Goals of Phone Screening
  • Figure out whether you like this person
  • Briefly figure out if the person is genuine, or is just listing a bunch of buzz words on the resume
  • Figure out if the person knows the basics
  • Determine if you would like to work with this person, and if his/her personality would be a good fit with the team
  • Weed out the obvious fakes, prima donna's, unmotivated, low energy, etc. people
NOT the Goals of Phone Screening
  • The purpose is NOT to do a thorough evaluation of how good the candidate is
  • The purpose is NOT to come to a decision on whether or not you should hire based on the phone screen
  • The purpose is NOT to spend too much time on anything that could be done better face to face
The main purpose of a phone screen is to figure out if the person is interesting enough to bring in to do an actual interview. Nothing more.

Because of the cost in time of doing interviews (not only your time, but the team's time, HR, upper management, etc.), I usually don't like to bring people in unless I think they are interesting. If I'm not sure whether a person is interesting enough, I will usually pass. One might argue that we'd be letting potentially good candidates fall through, but if you look at the % of people that we interview in this company that we actually want to send offers to, it is a very low %. On the other hand, if you bring someone in (because you didn't do a good enough job at the phone interview or if you are not confident enough in your own judgement), then you end up spending much of your team's time and HR's time that day on a low percentage gamble.

Guidelines
  • Pay as much attention (if not more) on how the candidate answers a question as the answer itself. The level of responsiveness and confidence will reveal a lot about his/her intelligence and maturity
  • Try to find out what is important to a candidate, what he/she is passionate about. But don't ask it directly because you will get prepackaged answers. If you can figure it out, you'll have a much better sense of whether or not the candidate will be motivated when working in your group. If her passion is aligned with your group's work, she will be motivated. If not, she won't.
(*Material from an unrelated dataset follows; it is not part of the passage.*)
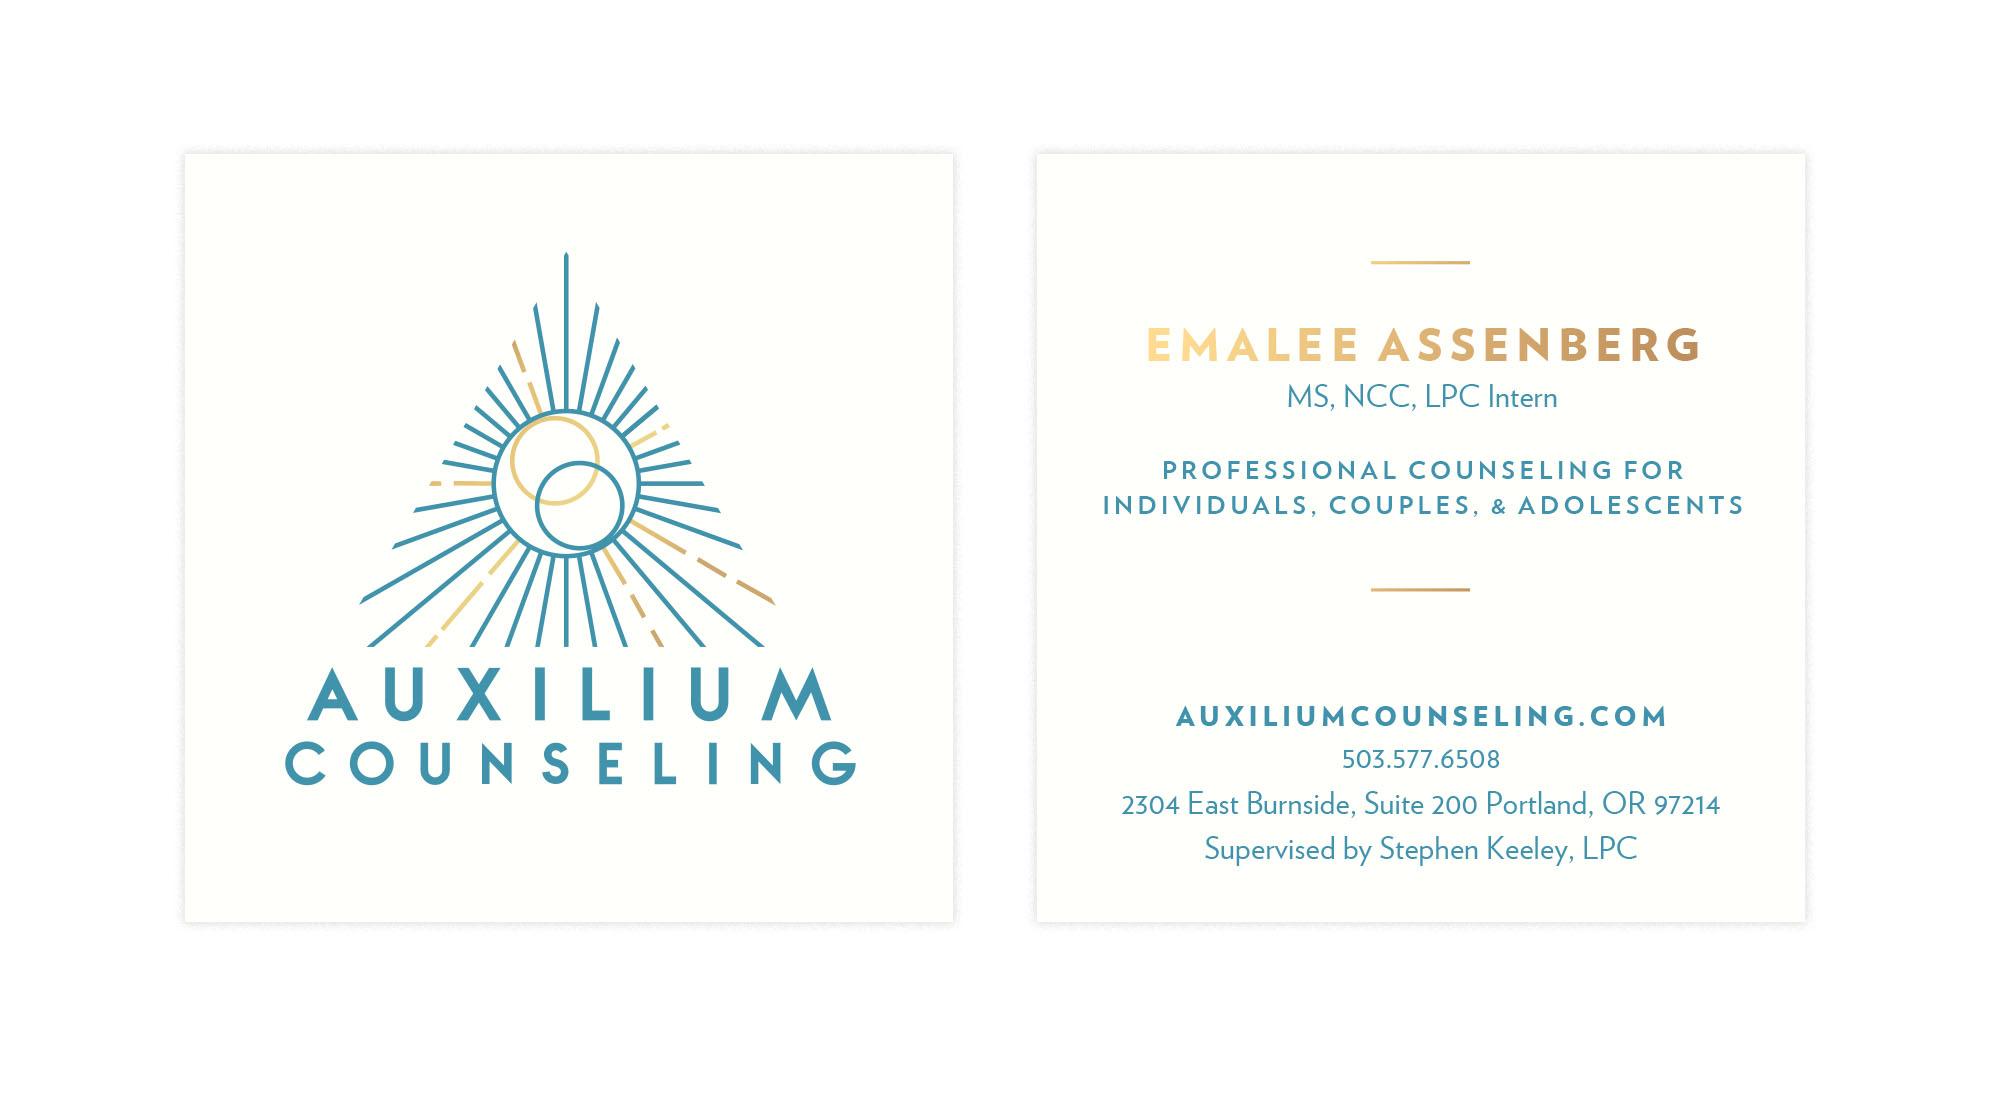 Auxilium12.jpg
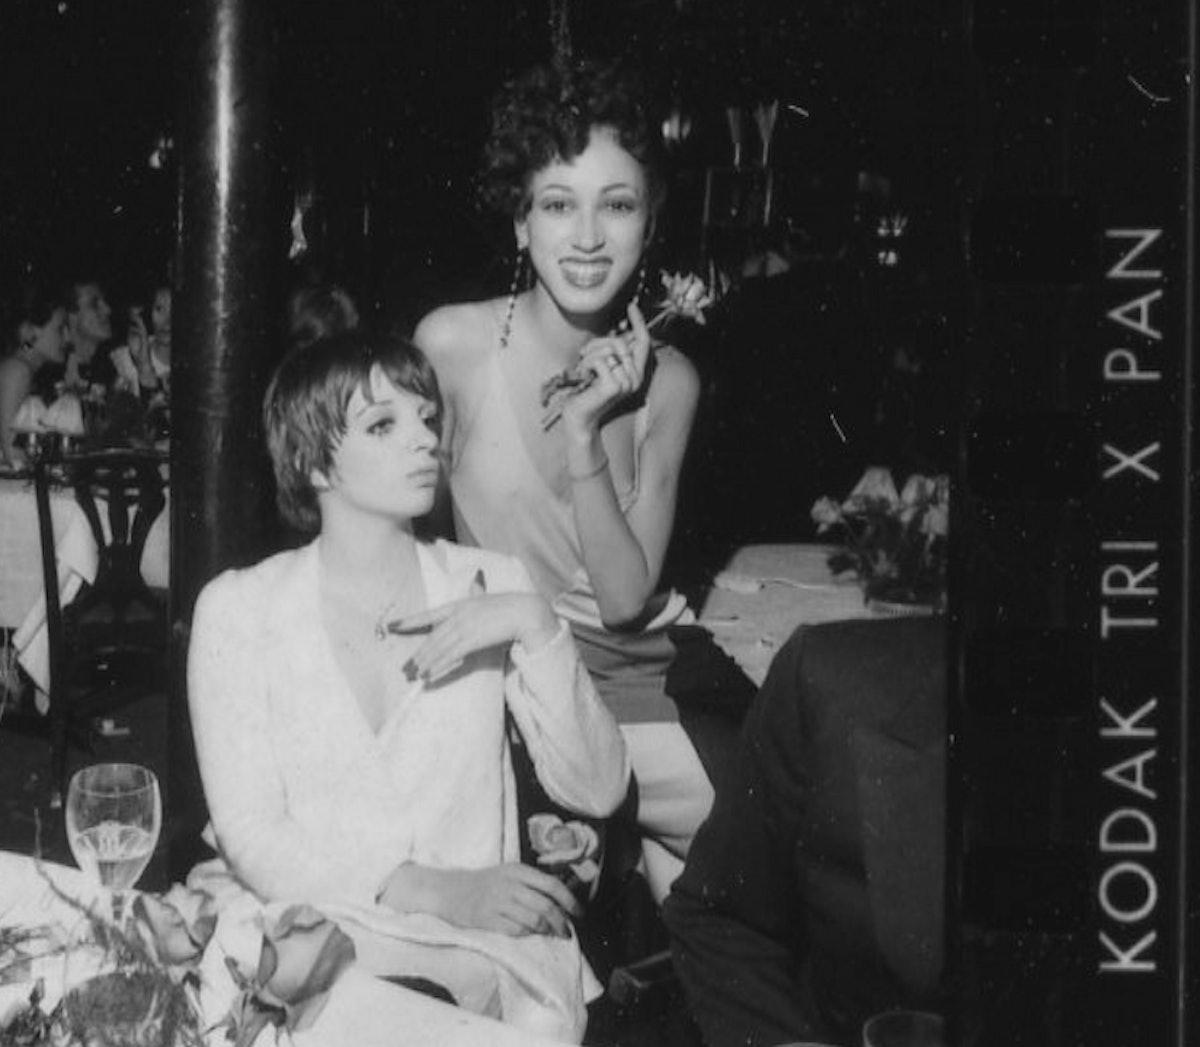 Liza Minelli and Pat Cleveland

  • Pay attention to how ambitious this person is. The more ambitious the person is, the less you'll have to do drive the person to improve.
  • Do not spend more than 1/2 and hour total on the phone with the person. It should not take you longer than that to figure out if the person is interesting enough to bring in. Sometimes it takes longer because the candidate takes too long to answer questions, in which case you should cut the candidate early anyways.
  • For basic engineering questions, pick 2 or 3 that will give you a good feeling of how "senior" this person is. Do not attempt to scope out the breadth or depth of his knowledge.
  • Ask them how much they want. No sense in spending more time with this candidate if you cannot meet his minimum requirements. (only if you're the hiring manager!)
Normal Flow
  1. Introduction, tell each other about yourselves
  2. Get to know the person a little better, what's important to him/her, etc. (if feeling not good, wrap up early)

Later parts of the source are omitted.